(DATA BLOCK Opens)

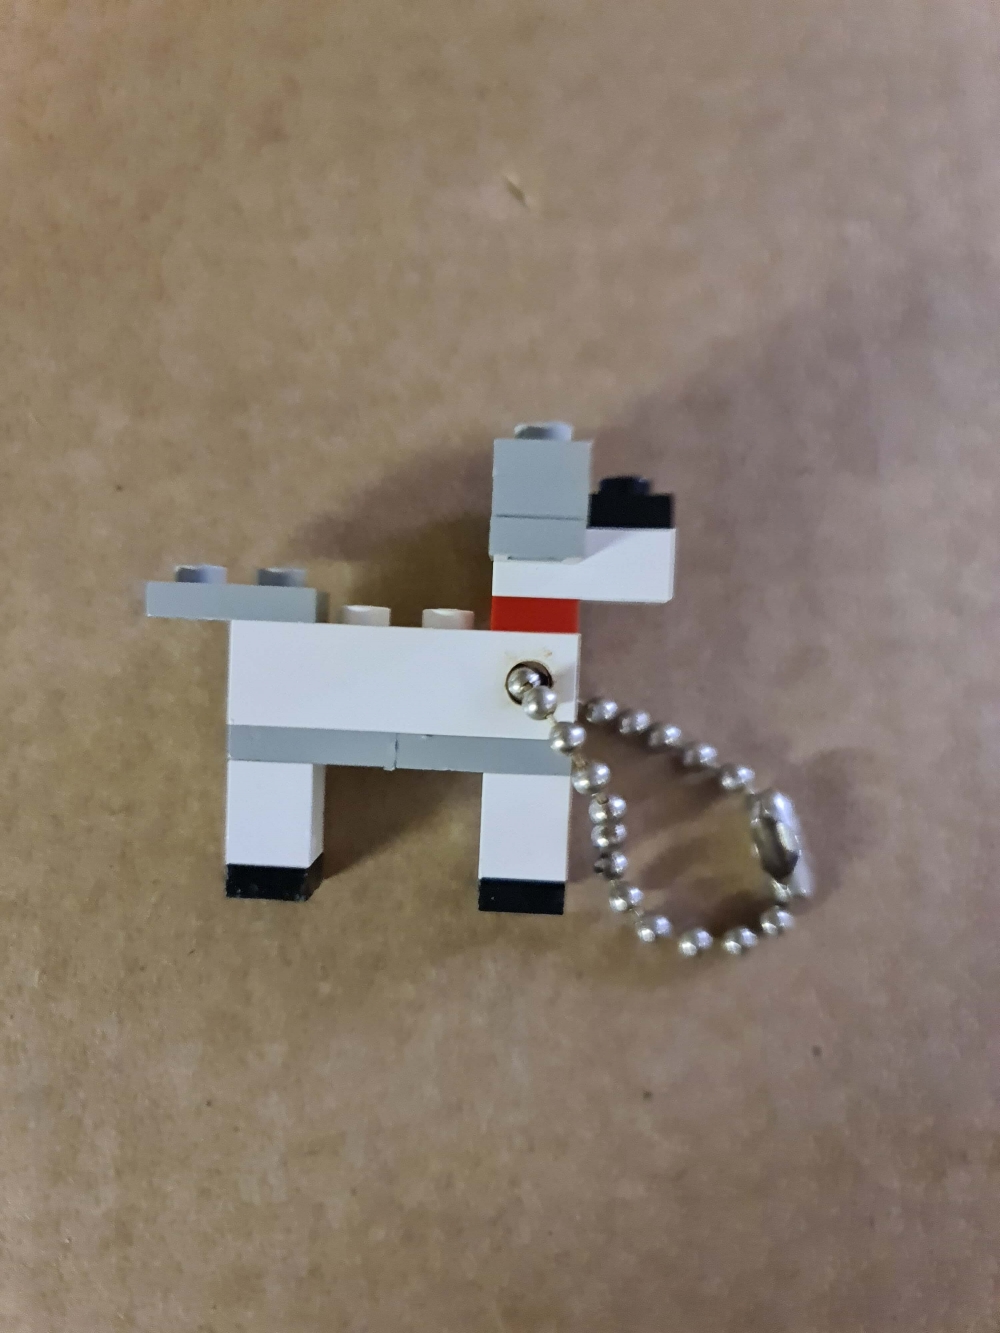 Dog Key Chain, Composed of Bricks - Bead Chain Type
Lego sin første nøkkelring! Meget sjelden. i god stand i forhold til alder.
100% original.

(DATA BLOCK Closes)

Set down, please, the lines from the line holding "Lego sin første" through the final line of the data, exactly and with nothing added.

## TASK SOLUTION
Lego sin første nøkkelring! Meget sjelden. i god stand i forhold til alder.
100% original.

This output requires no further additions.